Label	VCF Files	Comparisons
ebanks-nist*	G1, G2, H	R1, R2, A1a, A1b, A2
raldana-sentieon	G1, G2, H	R1, R2, A1a, A1b, A2
dgrover-gatk	G1, G2, H	R1, R2, A1a, A1b, A2
jedwards-sentieon	G1, G2, H	R1, R2, A1a, A1b, A2
ckim-gatk	G1, G2, H	R1, R2, A1a, A1b, A2
ckim-vqsr	G1, G2, H	R1, R2, A1a, A1b, A2
ckim-isaac	G1, G2, H	R1, R2, A1a, A1b, A2
ckim-dragen	G1, G2, H	R1, R2, A1a, A1b, A2
ckim-genalice	G1, G2, H	R1, R2, A1a, A1b, A2
mlin-fermikit	G1, G2, H	R1, R2, A1a, A1b, A2
ciseli-custom	G1, G2, H	R1, R2, A1a, A1b, A2
astatham-gatk	G1, G2, H	R1, R2, A1a, A1b, A2
anovak-vg	G1, G2, H	R1, R2, A1a, A1b, A2
mmohiyuddin-mixed	G1, G2, H	R1, R2, A1a, A1b, A2
cchapple-mixed	G1, G2, H	R1, R2, A1a, A1b, A2
amark-mixed	G1, G2, H	R1, R2, A1a, A1b, A2
jharris-gatk	G1, G2, H	R1, R2, A1a, A1b, A2
asubramanian-gatk	G1, G2, H	R1, R2, A1a, A1b, A2
egarrison-hhga	G1, G2, H	R1, R2, A1a, A1b, A2
xli-custom	G1, G2, H	R1, R2, A1a, A1b, A2
rlopez-custom**	G1, G2, H	R1, R2, A1a, A1b, A2

*ebanks-nist: This entry was not considered because the entry submitted the NIST benchmark set as the answer
**rlopez-custom: This entry was not considered because the VCF files were not submitted within the challenge timeframe

To aid in the presentation of results, we decided to give each entry a unique label, comprised of the name of the submitting user as well as a short mnemonic keyword representing the pipeline. (These keywords are merely indicative of each pipeline's main component, hence somewhat subjective; for a more faithful description of each pipeline, refer to the full text that accompanied each submission by following the label links). Each entry consists of three submitted VCF files (Garvan, Garvan-rerun, and HLI) and five comparisons (reproducibility 1 & 2; accuracy 1a, 1b & 2), as shown in the "Datasets" tab. The entries are sorted in order of date of submission.

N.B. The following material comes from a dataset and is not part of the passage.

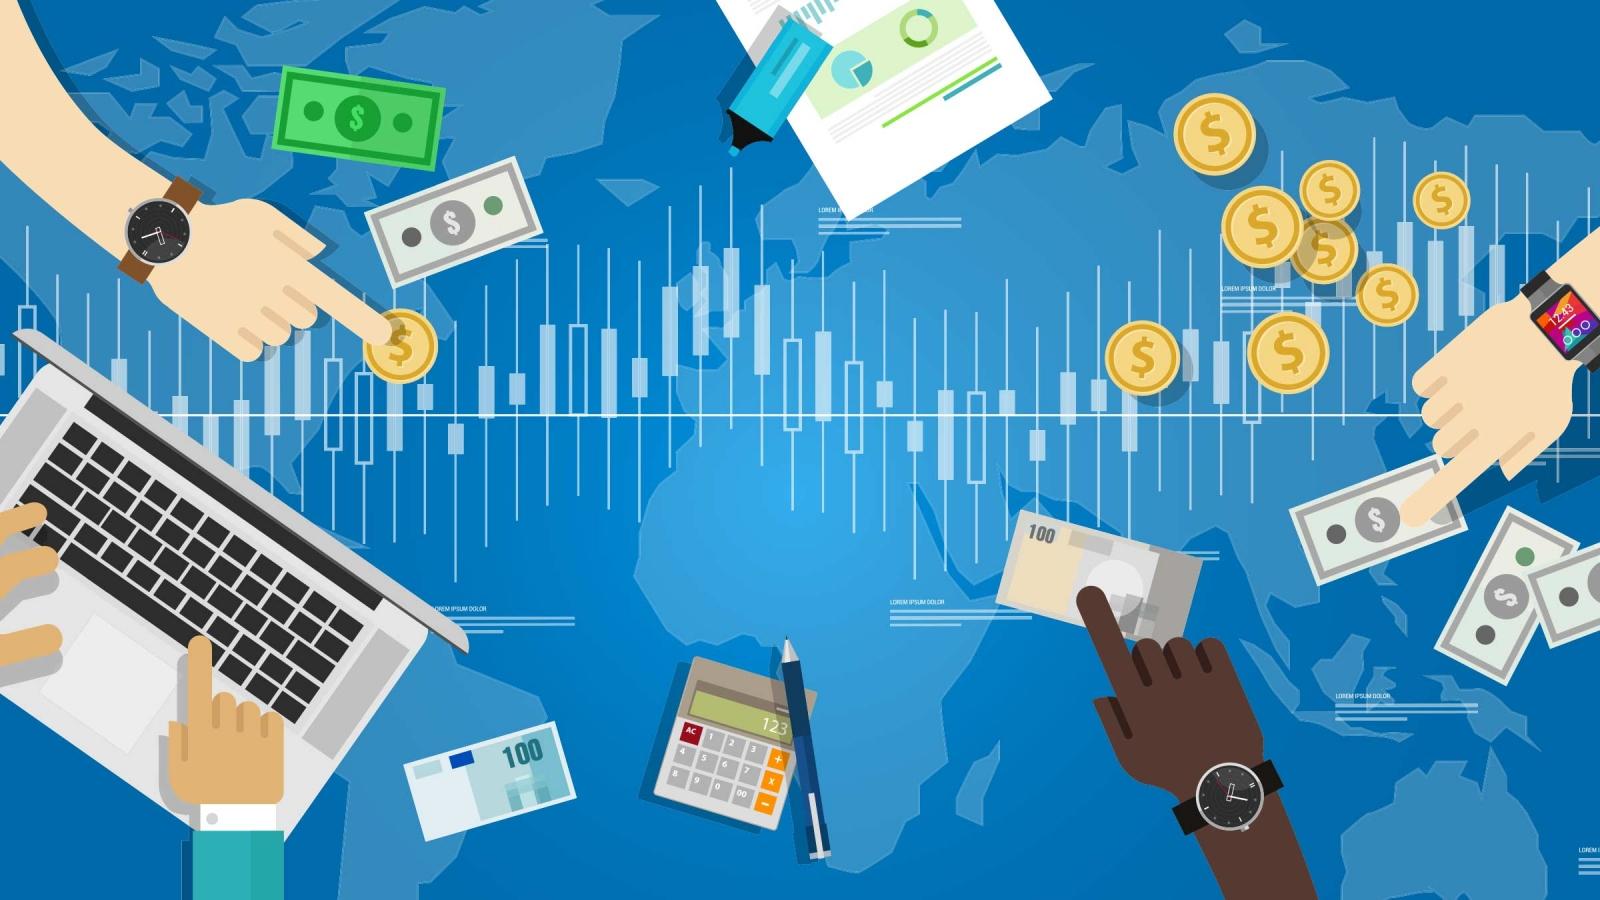 E-transaction market developed toward digital economy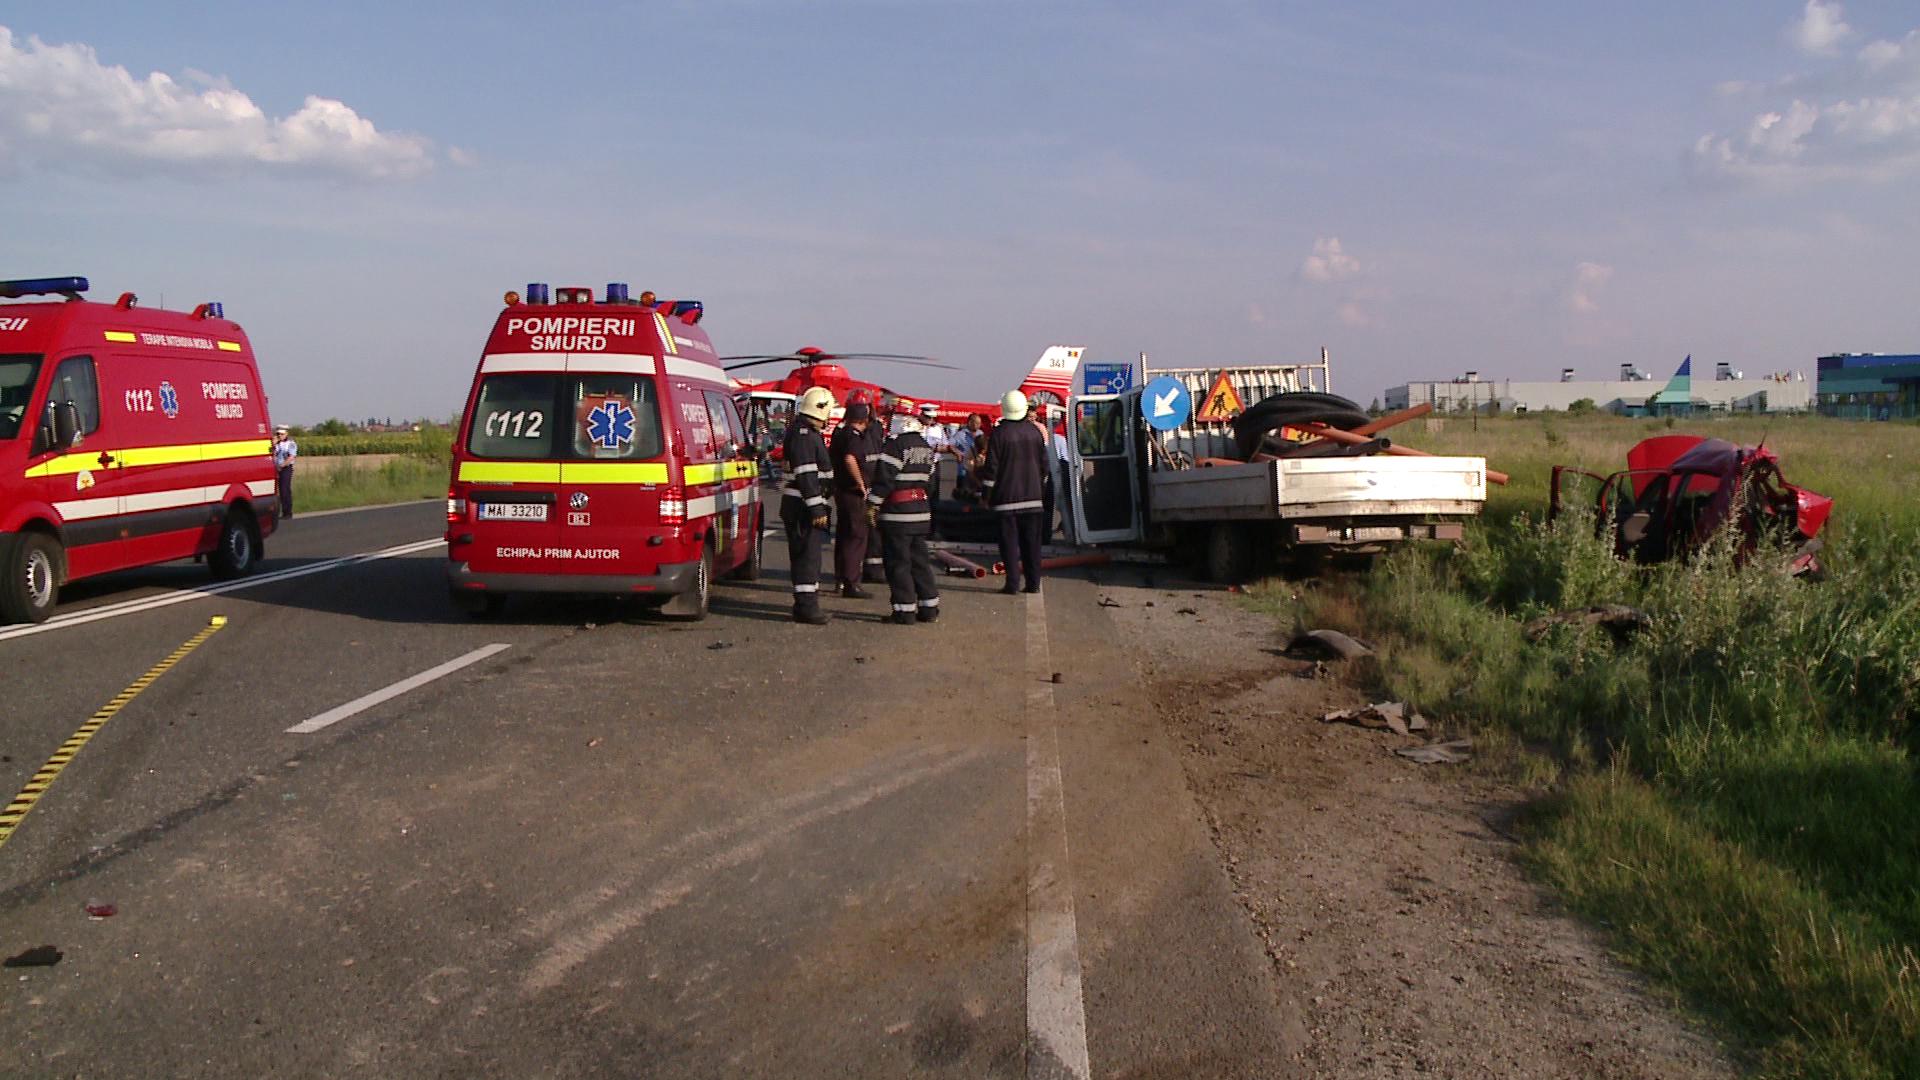 Femeie insarcinata,preluata de elicopterul SMURD in urma unui grav accident petrecut la Recas

We are handing out the following community challenge awards:

overall-performance to the entry submitted by Rafael Aldana et al. from Sentieon, for their overall high performance in both reproducibility and accuracy.
reproducibility to the entry submitted by Rafael Aldana et al. from Sentieon, for achieving the highest concordance and determinism.
accuracy to the entry submitted by Deepak Grover from Sanofi-Genzyme, for achieving the highest accuracy.

We are also recognizing particular entries based on the following:

reproducibility across the same input ( deterministic )
reproducibility across different inputs ( highest-concordance , high-concordance )
accuracy ( highest-recall , high-recall , highest-precision , high-precision , highest-f-measure , high-f-measure )
miscellaneous criteria ( extra-credit , pfda-apps , heroic-effort , promising )

For more information about the determination of these recognitions, refer to the respective sections of this web page.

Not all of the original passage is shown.